To design/implement a homomorphic application/circuit, e.x. the AND of 8 bits. First of all, we need to decide which homomorphic encryption scheme to adopt and set parameters (polynomial ring degree, coefficient sizes in each level of circuit, relinearization strategy) according to some noise analysis process. Let's say we decide to adopt the DHS HE scheme.

#include "cuHE.h"
void setParameters(int d, int p, int w, int min, int cut, int m);//in "CuHE.h", set parameters
void initCuHE(ZZ *coeffMod_, ZZX modulus); //in "CuHE.h", start pre-computation on GPUs

Then we may process some pre-computation of the circuit. When it is time to run the circuit, we suggest to turn on our virtual allocator. Do not turn it off until the circuit is completely done.

void startAllocator(); //in "CuHE.h", start virtual allocator
void stopAllocator(); //in "CuHE.h", stop virtual allocator

The program by default uses a single GPU (device ID 0). To adopt multiple devices, call the function below.

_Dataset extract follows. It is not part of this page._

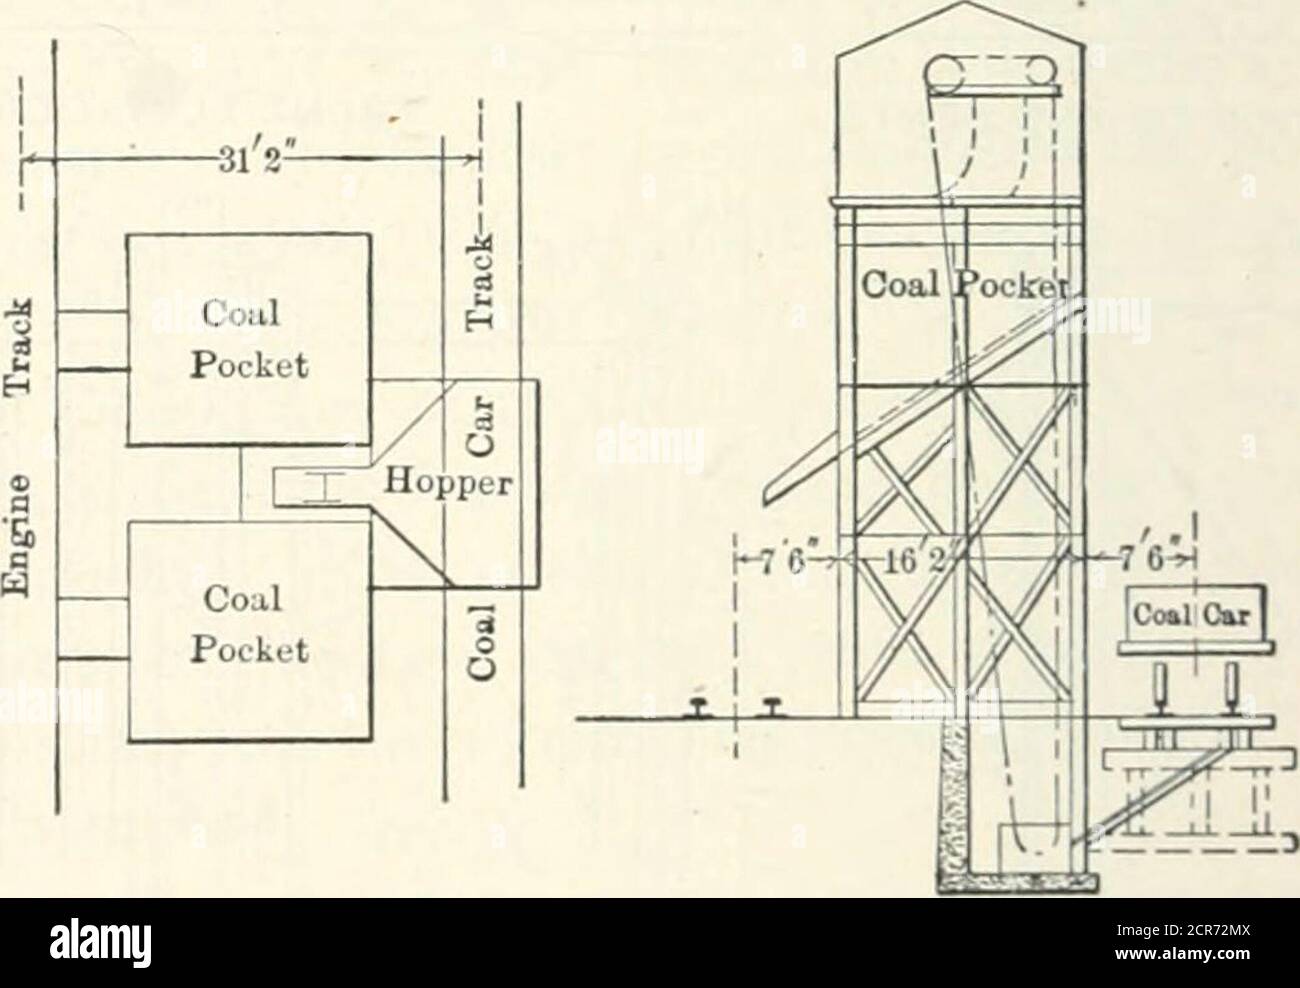 . Railroad structures and estimates . SIDE ELEVATION ^-^^ Fig. 224. Coaling Station with Locomotive Hoist. 478 MECHANICAL PLANTS. Mechanical Plants. — The ordinary mechanical plants, con-sisting of elevated pockets fed by endless chain, belt, or buckets,are arranged to hold from 30 to 800 tons or more, the amountof coal elevated per day depending upon the capacity required,the number of tracks to be served, and the storage necessary foremergencies. The cost of a mechanical type of coaling plant varies accord-ing to capacity and style of plant adopted, and may range from$20 to $75 per ton capac Stock Photo

void multiGPUs(int num); //adopt 'num' GPUs

Those are all the initialization steps. To implement any HE scheme or circuit, please check out the provided examples.

Developer

The cuHE library is developed and maintained by Wei Dai from the Vernam Group at Worcester Polytechnic Institute.

Acknowledgment

Funding for this research was in part provided by the US National Science Foundation CNS Award #1117590 and #1319130.

We want to acknowledge Andrea Peruffo for improving and debugging the code.